Side-channel cyberattacks are a possibility. These occur as a result of a flaw in the cryptosystem’s design rather than a flaw in the algorithm itself. Although no one has effectively received photons during the creation of the key in quantum key distribution protocols, side-channel threats do occur in quantum cryptography.
Quantum Cryptography is challenging to use everywhere due to the hardware requirements. As a result, a post-quantum cryptography system will be required to gain a large number of devices.
Will Cyber Security be Ensured?
Even though data transferred over the internet is now assumed secure, it is still prone to hacking and attacking methods in which malicious people steal and copy encrypted messages to decipher them once the right quantum computers are available. For data with a long-term risk, companies may wish to add an extra level of security.

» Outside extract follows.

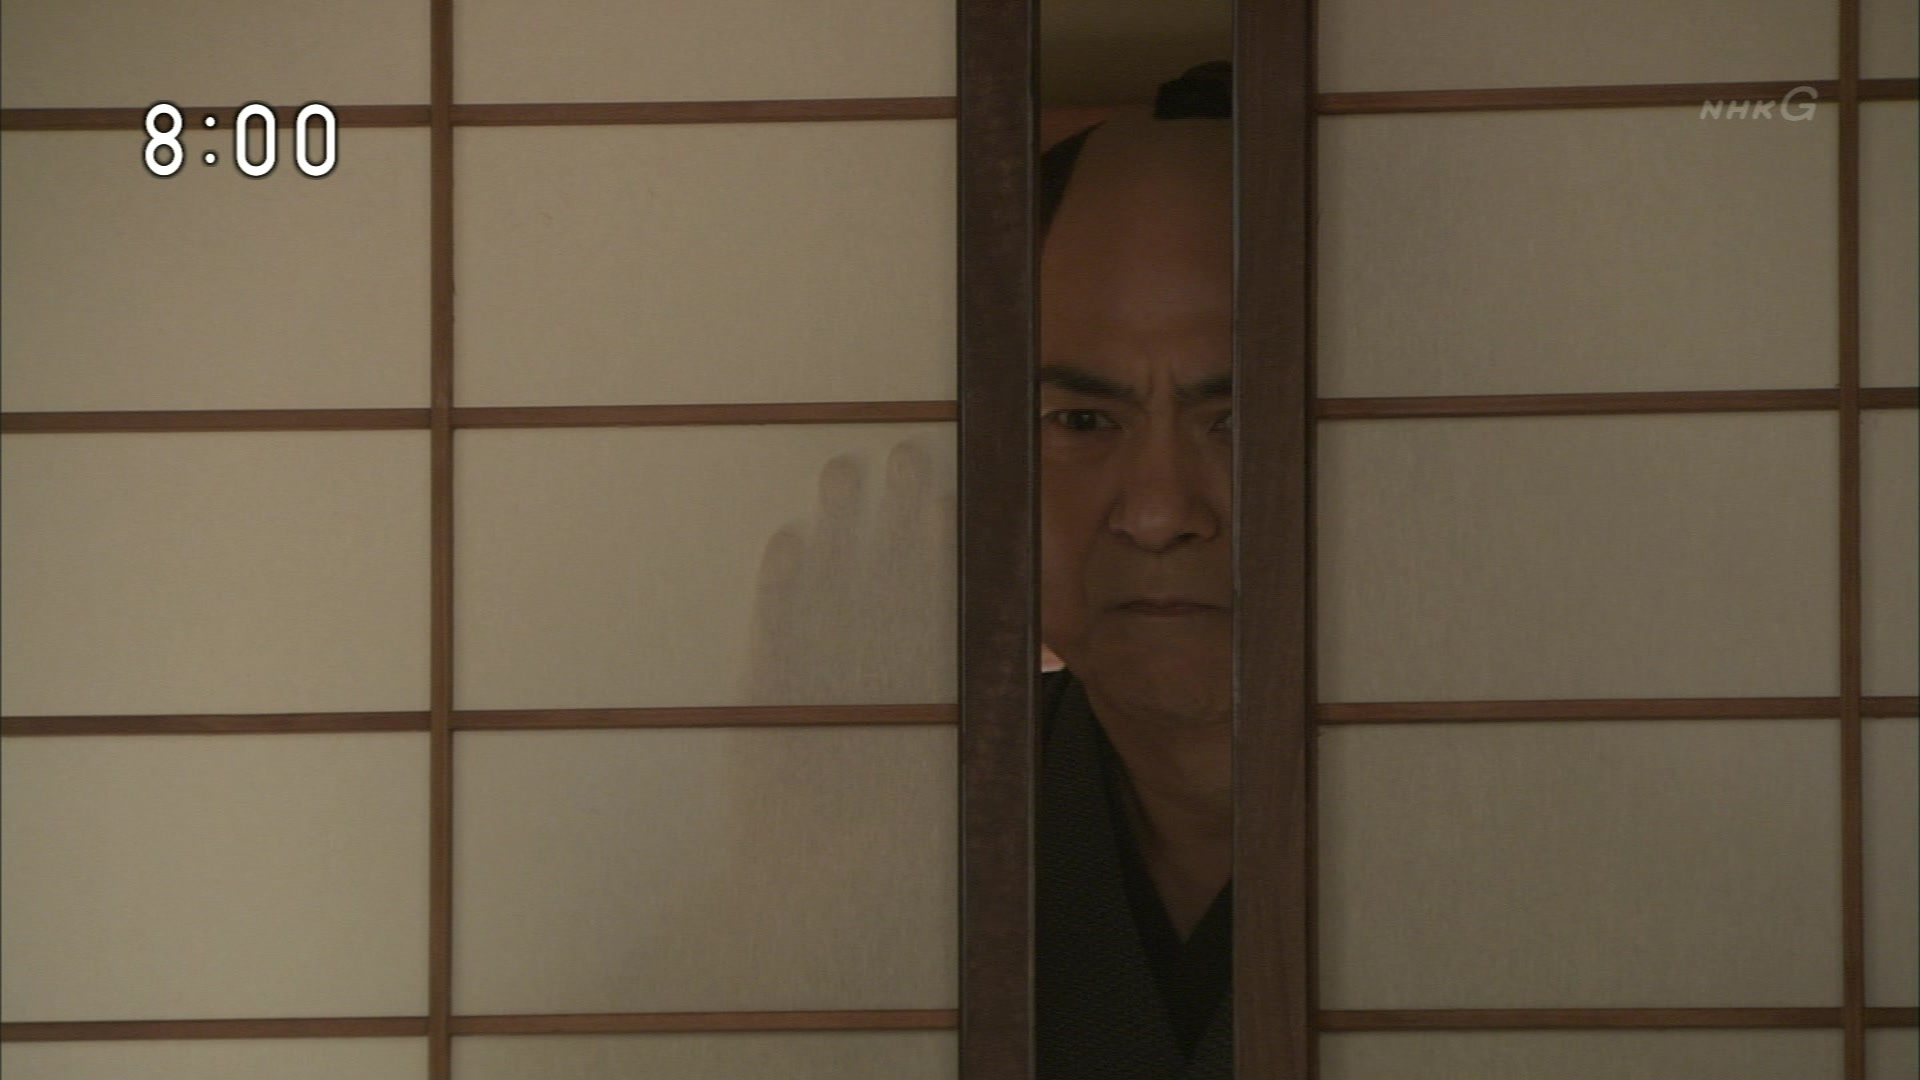 2015-10-09 08:00 連続テレビ小説 あさが来た(11)「ふたつの花びら」 0105

Quantum Cryptography, however, not only generates the threat but also offers a remedy. When sharing the encryption key through a method known as quantum key distribution, quantum-based technologies can be used to identify the presence of hackers on a link (QKD). When combined with the one-time-pad cypher, the protocol provides unbeatable encryption security.

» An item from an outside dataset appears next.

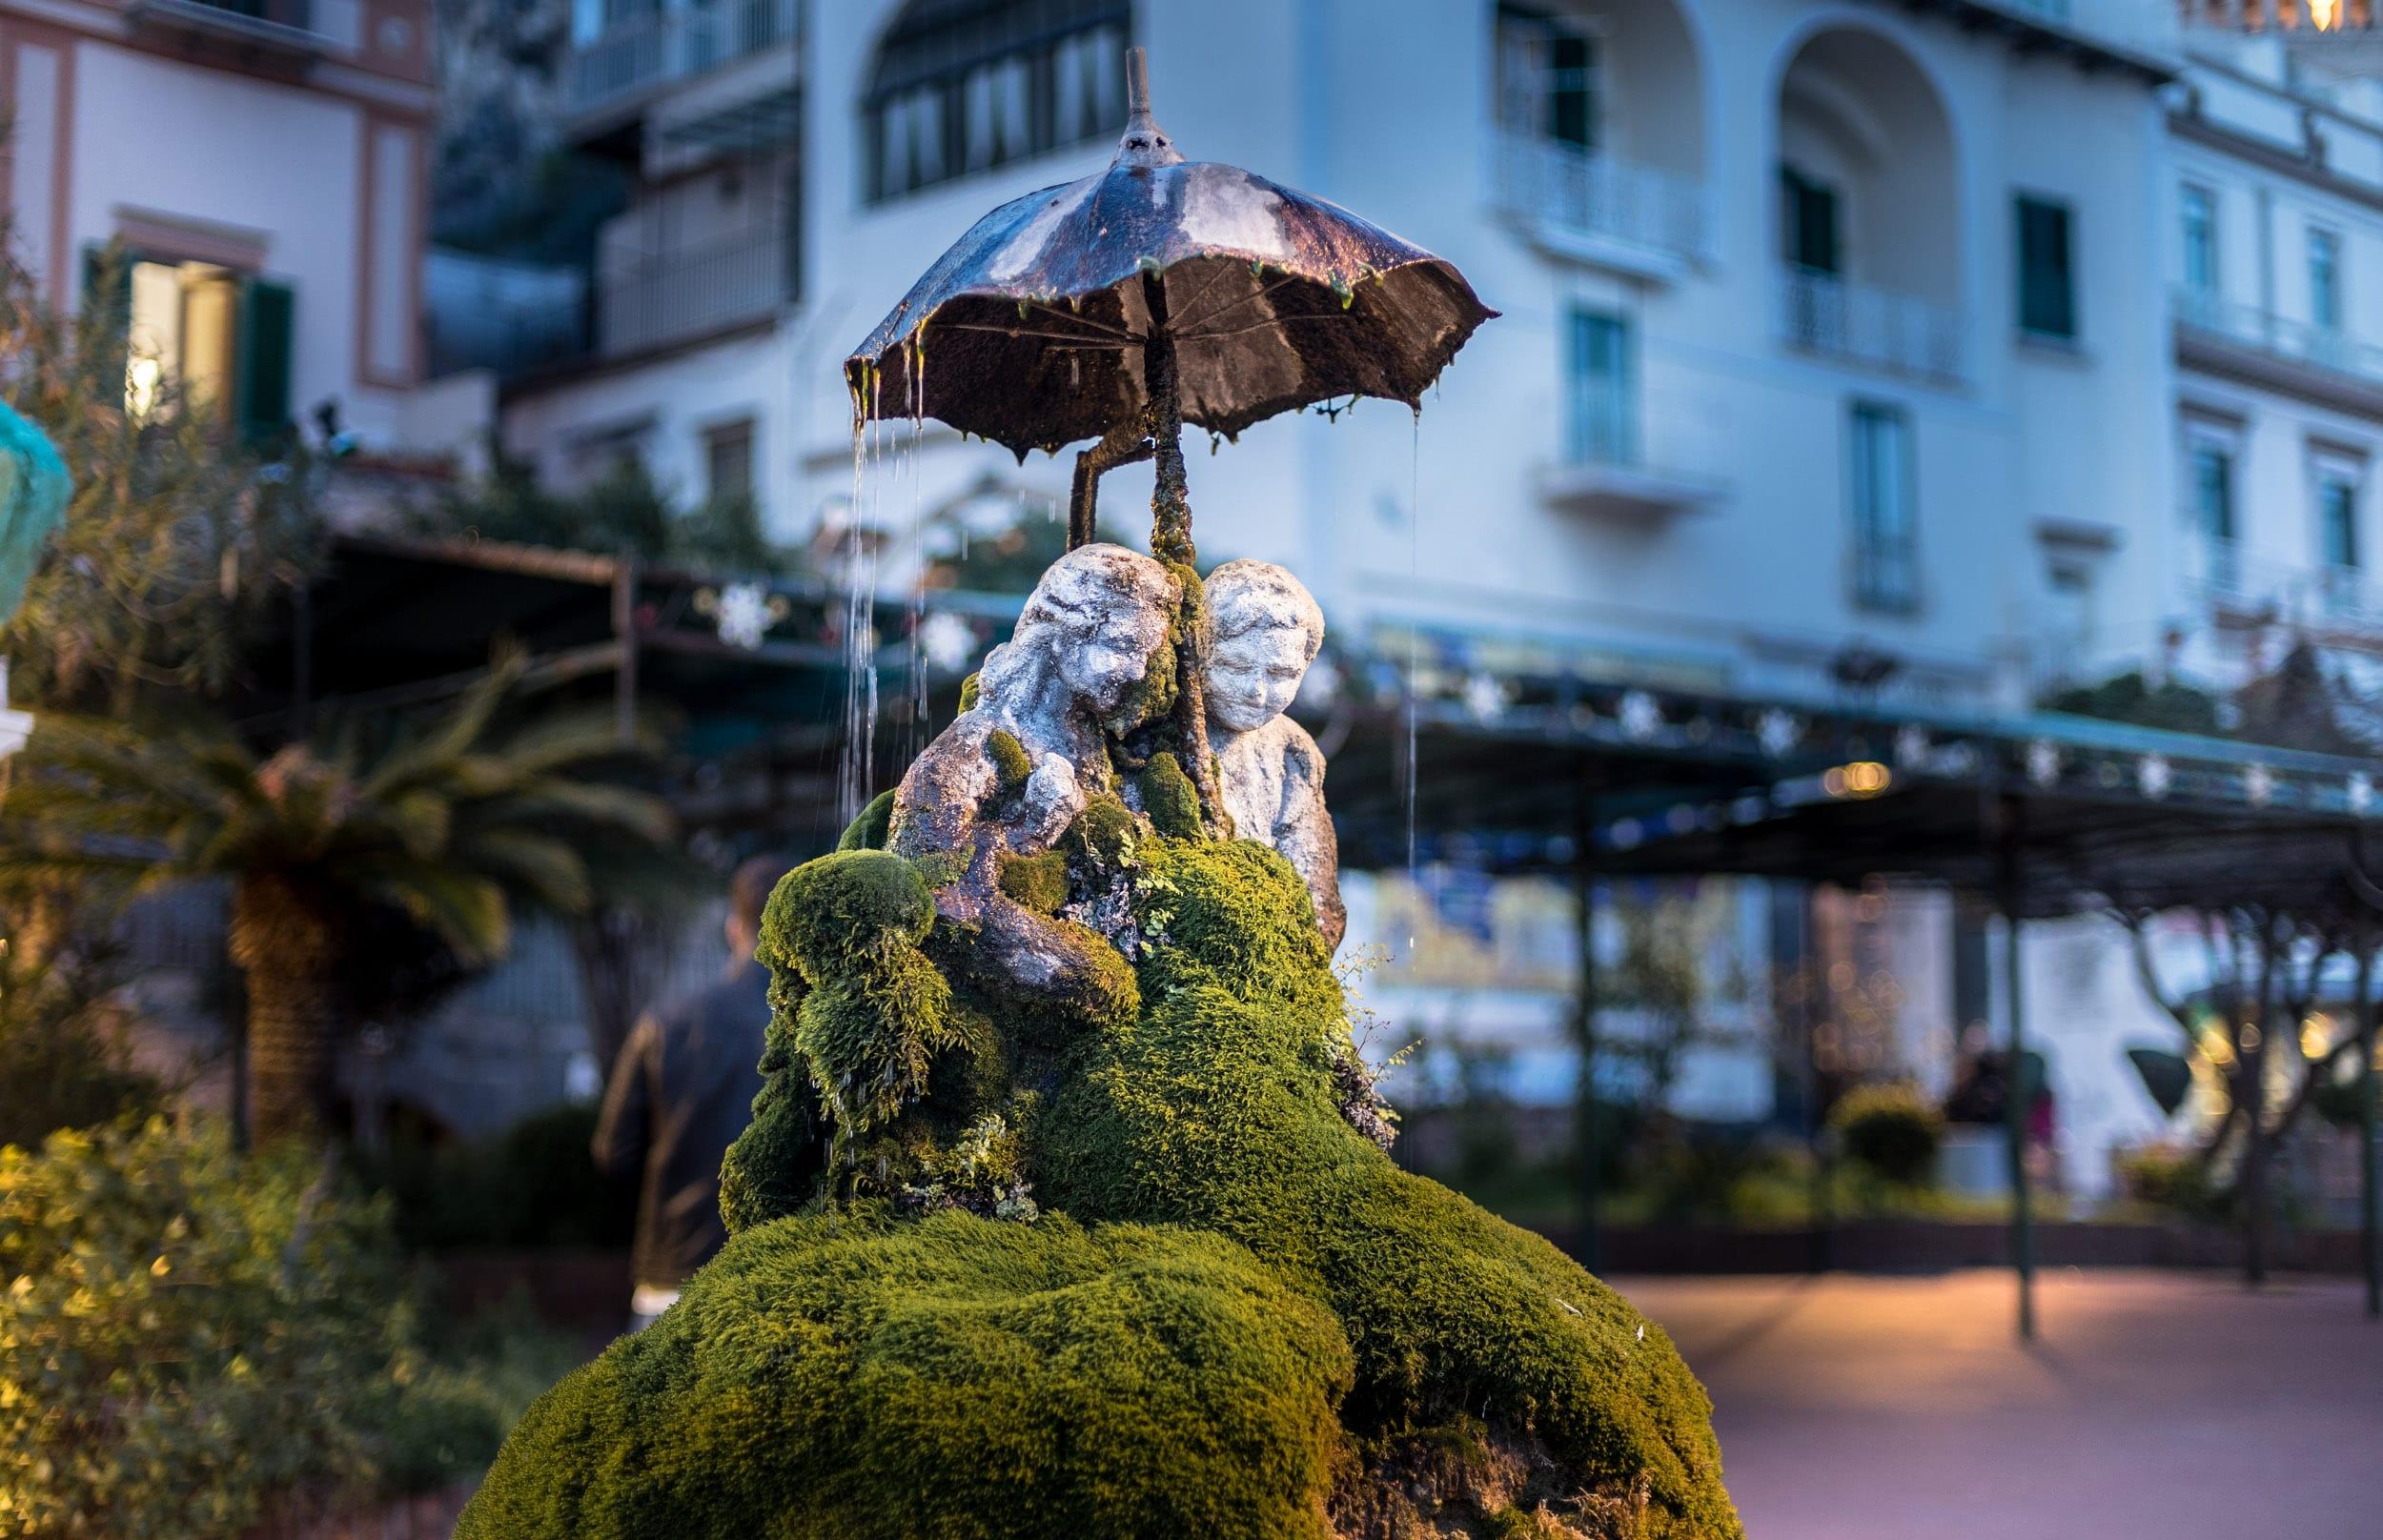 На самом виду. На остановке автобусов. Есть этот прекрасный фонтан в Амальфи. Двое под дождем. Внизу фонтана плавают золотые рыбки а люди почти не обращают на фонтан внимания. Кстати, это один из немногих фонтанов на побережье Амальфи из которого не получится пить. Остальные фонтаны, прктически все питьевые.  Лучшая фишка — сменяемость красок. Зеленый мох покрывает эту парочку под зонтом только зимой. Летом и весной мох желтый и рыжий. Все потому что он сильно выгорает

It is mainly aimed at those who want to protect their secret links for extended periods and with the highest amount of safety, such as public organizations and military people.
QKD stands for Quantum Key Distribution. It’s a method of spreading and distributing the secret keys required by data encryption. In addition, the method must ensure that they remain secret between the sender and receiver. Information is often stored on single photons, and after both sides’ keys have been safely generated, their interactions are secure.
Conclusion
The necessity for Quantum Cryptography is right in front of our eyes. The safety of encrypted data is now in danger, with the advancement of quantum computers. Thankfully, Quantum Cryptography provides the solution we need to protect our data for the near future — all based on the rules of quantum physics.
Quantum Cryptography is the answer that will protect confidential matters as the need for encryption technology grows in networks that are connected.